** Data entries **
-=-=-

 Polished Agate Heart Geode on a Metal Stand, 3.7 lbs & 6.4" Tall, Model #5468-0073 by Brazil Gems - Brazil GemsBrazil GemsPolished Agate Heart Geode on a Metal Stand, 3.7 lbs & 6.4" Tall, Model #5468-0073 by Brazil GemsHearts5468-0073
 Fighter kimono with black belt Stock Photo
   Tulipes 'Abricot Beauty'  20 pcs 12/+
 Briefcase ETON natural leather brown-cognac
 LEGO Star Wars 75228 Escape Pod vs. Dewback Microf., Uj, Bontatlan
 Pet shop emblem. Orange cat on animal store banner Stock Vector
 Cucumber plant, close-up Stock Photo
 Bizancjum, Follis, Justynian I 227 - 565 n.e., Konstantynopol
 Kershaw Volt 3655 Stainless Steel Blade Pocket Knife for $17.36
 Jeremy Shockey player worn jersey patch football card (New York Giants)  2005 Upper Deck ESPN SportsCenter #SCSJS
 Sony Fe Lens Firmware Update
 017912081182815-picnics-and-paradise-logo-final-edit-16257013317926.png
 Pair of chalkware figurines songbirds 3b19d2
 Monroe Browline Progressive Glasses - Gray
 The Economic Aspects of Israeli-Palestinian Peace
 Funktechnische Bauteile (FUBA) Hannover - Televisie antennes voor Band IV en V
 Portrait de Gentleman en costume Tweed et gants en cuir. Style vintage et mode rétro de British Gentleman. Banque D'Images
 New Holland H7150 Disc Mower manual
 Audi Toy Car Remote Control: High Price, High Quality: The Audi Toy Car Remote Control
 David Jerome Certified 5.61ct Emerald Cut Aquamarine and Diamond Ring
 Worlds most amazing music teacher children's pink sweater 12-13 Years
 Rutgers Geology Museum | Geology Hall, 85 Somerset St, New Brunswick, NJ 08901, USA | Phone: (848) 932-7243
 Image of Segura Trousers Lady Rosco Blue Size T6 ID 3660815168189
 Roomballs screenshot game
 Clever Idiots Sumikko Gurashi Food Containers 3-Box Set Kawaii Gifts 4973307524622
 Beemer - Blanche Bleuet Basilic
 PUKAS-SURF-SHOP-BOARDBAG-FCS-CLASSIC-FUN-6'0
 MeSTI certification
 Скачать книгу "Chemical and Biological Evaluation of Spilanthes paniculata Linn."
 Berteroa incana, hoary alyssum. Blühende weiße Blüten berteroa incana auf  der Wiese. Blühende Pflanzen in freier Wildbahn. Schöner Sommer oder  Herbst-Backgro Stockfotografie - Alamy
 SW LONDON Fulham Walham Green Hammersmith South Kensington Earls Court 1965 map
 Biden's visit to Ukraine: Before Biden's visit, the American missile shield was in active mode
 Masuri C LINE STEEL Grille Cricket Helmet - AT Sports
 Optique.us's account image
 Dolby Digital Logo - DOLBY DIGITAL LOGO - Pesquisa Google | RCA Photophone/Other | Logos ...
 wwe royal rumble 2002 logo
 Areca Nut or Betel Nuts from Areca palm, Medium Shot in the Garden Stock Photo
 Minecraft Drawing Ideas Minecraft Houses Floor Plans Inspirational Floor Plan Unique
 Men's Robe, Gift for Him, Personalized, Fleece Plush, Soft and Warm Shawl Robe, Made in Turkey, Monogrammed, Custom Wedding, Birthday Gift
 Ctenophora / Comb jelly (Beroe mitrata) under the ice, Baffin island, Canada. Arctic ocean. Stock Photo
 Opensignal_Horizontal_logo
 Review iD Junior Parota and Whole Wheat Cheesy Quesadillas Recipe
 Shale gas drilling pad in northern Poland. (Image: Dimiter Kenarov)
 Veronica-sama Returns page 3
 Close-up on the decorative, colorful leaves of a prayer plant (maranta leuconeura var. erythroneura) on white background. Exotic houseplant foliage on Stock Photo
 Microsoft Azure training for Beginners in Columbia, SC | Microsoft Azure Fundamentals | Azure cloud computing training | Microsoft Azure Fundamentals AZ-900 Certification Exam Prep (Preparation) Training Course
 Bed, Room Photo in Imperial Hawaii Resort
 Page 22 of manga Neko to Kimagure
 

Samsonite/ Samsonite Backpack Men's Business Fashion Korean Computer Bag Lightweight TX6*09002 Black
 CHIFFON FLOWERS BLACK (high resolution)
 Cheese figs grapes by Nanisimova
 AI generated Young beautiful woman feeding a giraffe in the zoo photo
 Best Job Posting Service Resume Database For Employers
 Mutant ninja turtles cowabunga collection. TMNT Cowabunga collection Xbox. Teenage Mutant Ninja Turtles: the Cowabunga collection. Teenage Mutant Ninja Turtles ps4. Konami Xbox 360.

-=-=-

** Your task **
Look through the data and gather every line with the string "plant" in it.

** Exercise solution **
 Cucumber plant, close-up Stock Photo
 Close-up on the decorative, colorful leaves of a prayer plant (maranta leuconeura var. erythroneura) on white background. Exotic houseplant foliage on Stock Photo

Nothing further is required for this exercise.